Article

Stopping Foreclosures amid Mortgage Modifications

Peter Swire examines ways to build on existing rules in the Home Affordable Mortgage Program to better protect homeowners facing foreclosure while negotiating mortgage modifications.

Chase Home Lending CEO David Lowman testifies during a Senate Banking, Housing, and Urban Affairs Committee hearing on problems in mortgage servicing from modification to foreclosure on Capitol Hill in Washington on Tuesday, November 16, 2010. (AP/Manuel Balce Ceneta)
Chase Home Lending CEO David Lowman testifies during a Senate Banking, Housing, and Urban Affairs Committee hearing on problems in mortgage servicing from modification to foreclosure on Capitol Hill in Washington on Tuesday, November 16, 2010. (AP/Manuel Balce Ceneta)

One of the most heart-rending recurrences featured in the congressional hearing this past week about home mortgage foreclosure problems is the so-called “dual track” problem—when a family is negotiating a modification of its mortgage loan and suddenly the mortgage servicing company handling the monthly mortgage payments takes the home away before the modification takes effect. The hearing highlighted how mortgage servicers have two separate operations, with one office talking to customers about mods and another one keeping the foreclosure process moving at the same time.

The dual-track problem symbolizes why our foreclosure mess is so fundamentally unfair to too many families. Mortgage servicing companies (and the lenders and investors they work for to collect monthly mortgage payments) collect the documents needed to consider modifying the mortgages of many responsible but overburdened families, but then swoop in nonetheless to take the home away. Senator Jeff Merkley (D-OR) summed it up this way: “Can’t we just change this policy and suspend the foreclosure proceedings when a modification is underway, not keep it going forward and create this enormous confusion and stress for America’s families?”

Well, the Obama administration has taken significant steps to do just that, though more enforcement authority over mortgage servicing companies and their modifications are needed. The Obama administration’s much-maligned Home Affordable Modification Program, or HAMP, included Supplemental Directive 10-02, which was issued in March of this year and incorporated into the HAMP Handbook. This directive, which all the servicers that participate in HAMP (including all the major banks) have agreed by written contract to abide by, contains an entire set of consumer protections. Notably, servicers:

  • Can’t refer any loan to foreclosure until a borrower has been evaluated and determined to be ineligible for HAMP or reasonable solicitation efforts have failed
  • Must halt existing foreclosure actions when a homeowner begins a three-month trial modification
  • Cannot begin a foreclosure sale for 30 days after a written notice is given to the family that they have been turned down for a mortgage modification
  • Must still consider a request for a modification even as the time for a foreclosure sale nears, specifically until seven days before a foreclosure sale

These rules don’t apply in some circumstances, such as when the family has failed to make their monthly mortgage payments on a HAMP-modified loan. But the overarching principle at the heart of the HAMP directive is that foreclosures should not happen until homeowners get a fair shot at modifying their mortgage.

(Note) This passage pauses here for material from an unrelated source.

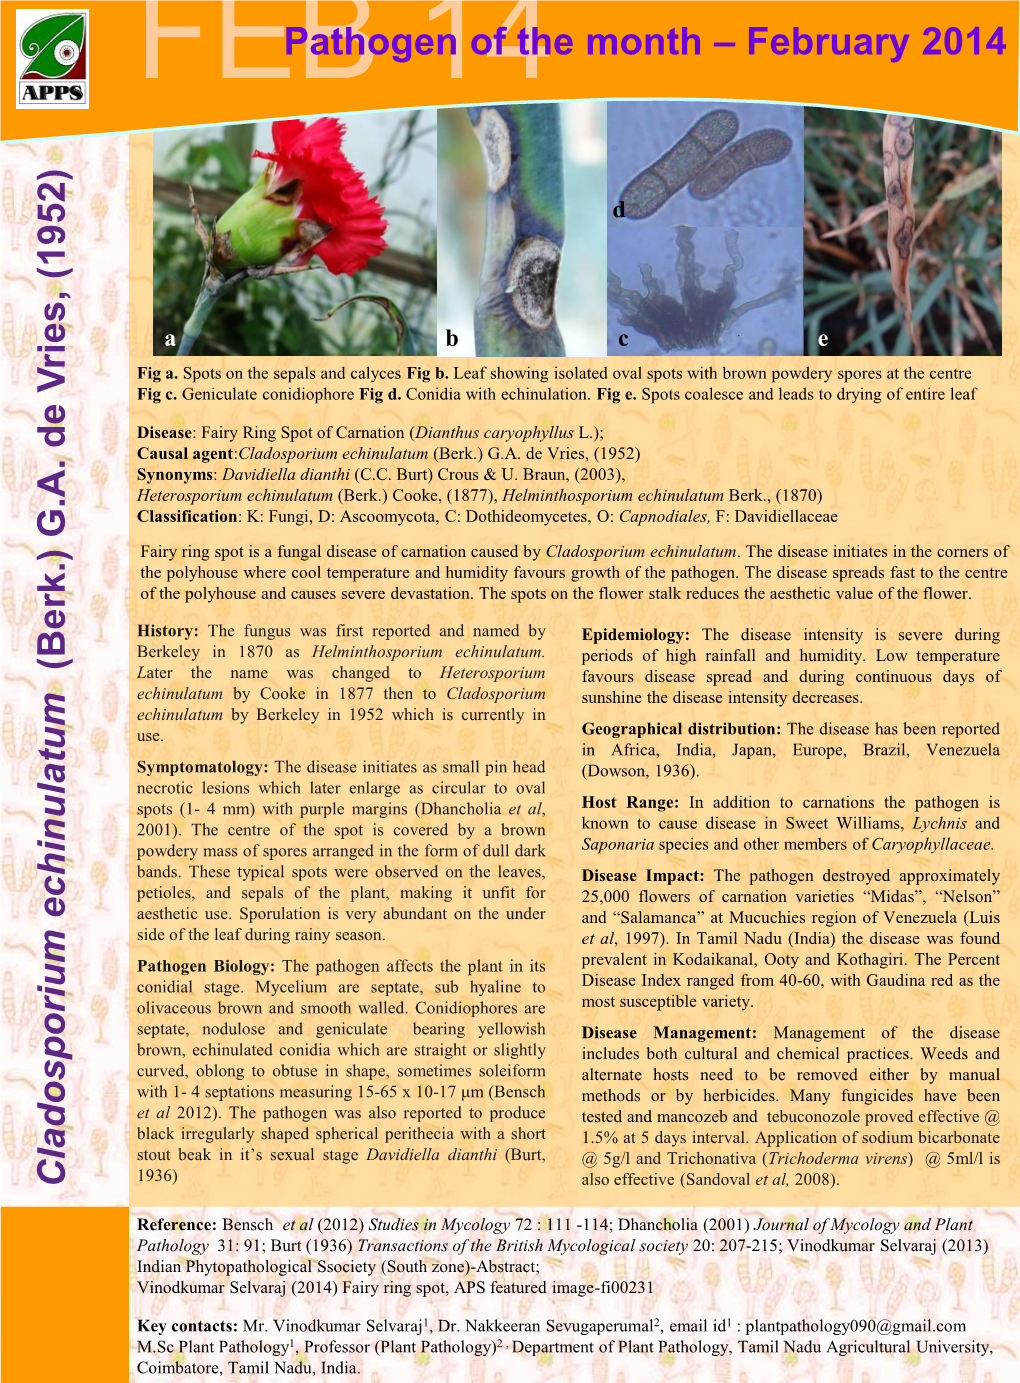 Clado Spo Rium Ech Inulatum (Berk.) G.A. De V Ries, (19 52) Pathogen of the Month – February 2014

These rules are good for responsible homeowners because the rules are supposed to deal with the dual-track problem and protect families from unwarranted foreclosures until the modification process determines whether the homeowners can in fact pay monthly mortgages on a modified home loan. So why aren’t these rules a complete solution to the dual-track problem?

A big reason is that HAMP was created as part of the 2008 Troubled Asset Relief Program. TARP does not provide any statutory penalties or enforcement provisions for violations of HAMP. The lack of statutory authority limits Treasury’s enforcement powers even though servicers have signed contracts agreeing to follow HAMP rules and Treasury has created a compliance office for the program. Without enforcement power, too many servicers do not follow the rules they have agreed to.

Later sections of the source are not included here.